The way to implement this is using my rate measurement equation to keep track of each sender's valid and invalid recipients, two rates per sender. When a sender addresses an invalid recipient, update their invalid recipient rate and also calculate their decayed valid recipient rate (which is just a * rold). When a sender addresses a valid recipient, do the complementary calculations. The proportion of valid recipients is rok / (rbad + rok). Pick a random number between 0 and 1 and if it's greater than that proportion, return a 450 (temporary rejection) otherwise return 250 (ok) or 550 (bad).
If you are feeling mean you can crank up the deferral rate faster than the invalid recipient rate. The rationale for this is that a list with a 50% validity rate is shockingly bad and probably deserves more like a 90% deferral rate (say). So calculate (rok / (rbad + rok))n for some n that increases with your meanness, and use the result for comparing with the random number.
If you are feeling kind you can pick your random numbers between 0 and slightly less than 1, so senders don't have to be whiter than white to avoid penalties. This tweak might make the technique less troublesome.

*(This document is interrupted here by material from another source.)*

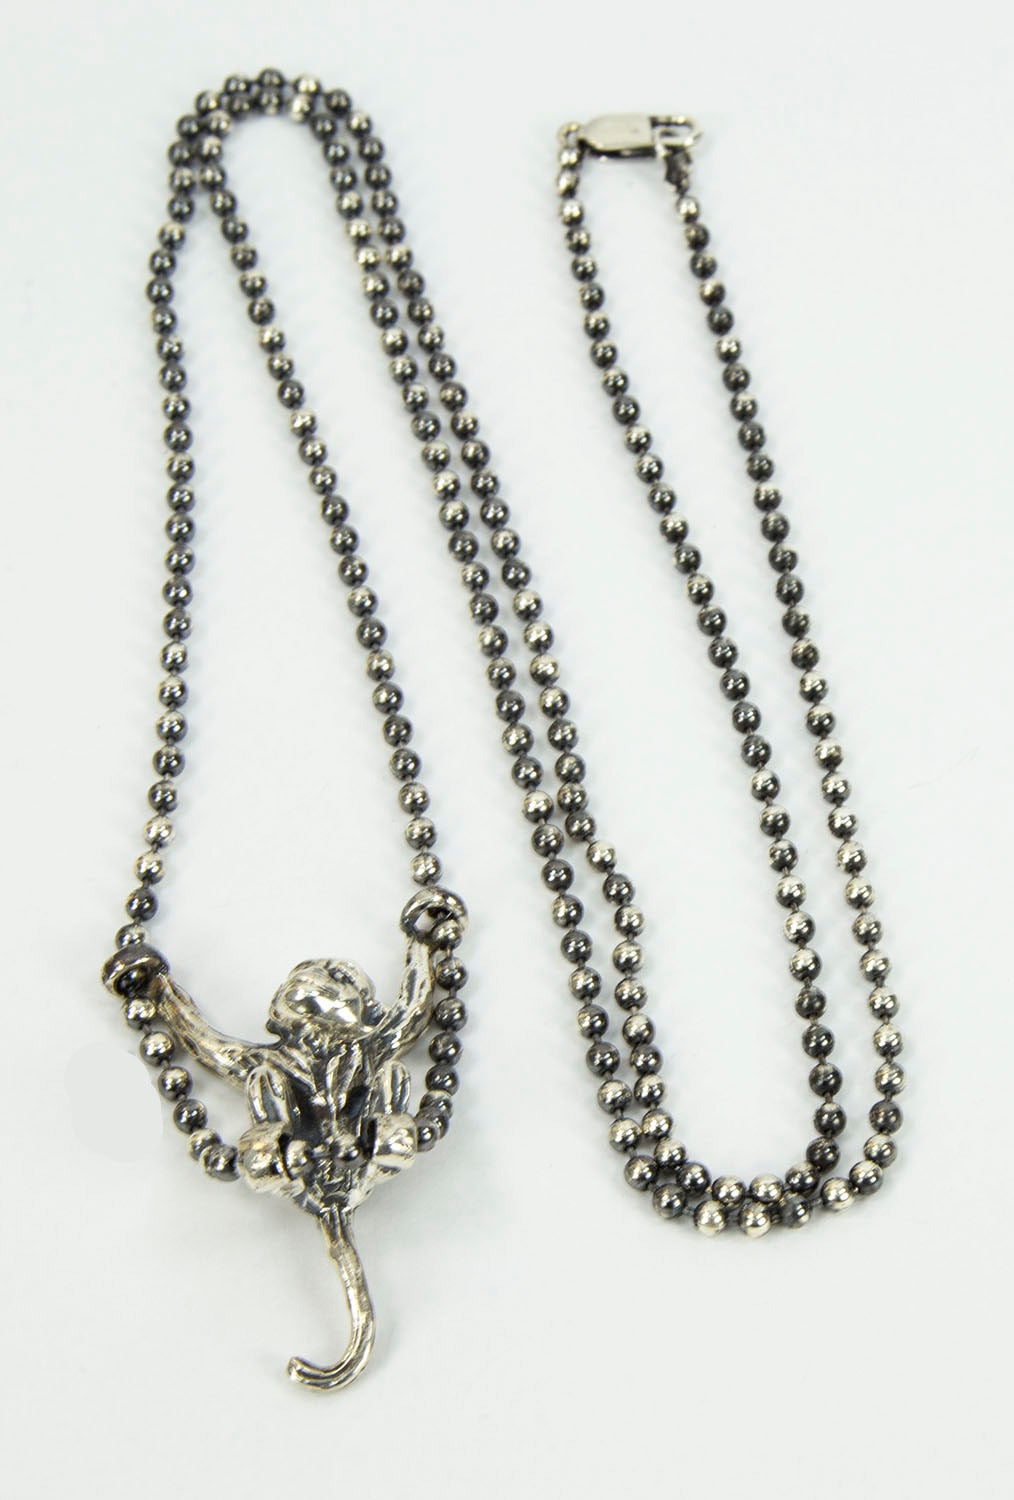 Adorable Monkey swinging on a long Ball Chain; all in oxidized solid sterling silver; measuring approx. 38” long; monkey measures approx. 2” long x 1.25” wide. For the Child in All of Us!

(I initially thought about deferring just valid recipients, but that has the effect of cleaning the invalid recipients out of the sender's queue, so when they retry the deferred valid recipients, the proportion of validity we measure for them will go up. Deferring both valid and invalid recipients solves this problem and makes the implementation simpler and more pleasingly symmetrical.)
This is actually fairly similar to some of the logic in SAUCE. It keeps a single annoyance number per sender which gets increased when they do something bad and decreased when they do something right, and which decays exponentially so past behaviour fades from memory. SAUCE's main penalty is teergrubing, though it will defer incoming mail if provoked enough, or if it is greylisting the sender. I don't think there's much point in teergrubing except to trigger bugs in spam bots (hence sendmail has a simple greet_pause feature, but no general teergrubing). However there might be some benefit from more intelligent dynamic greylisting.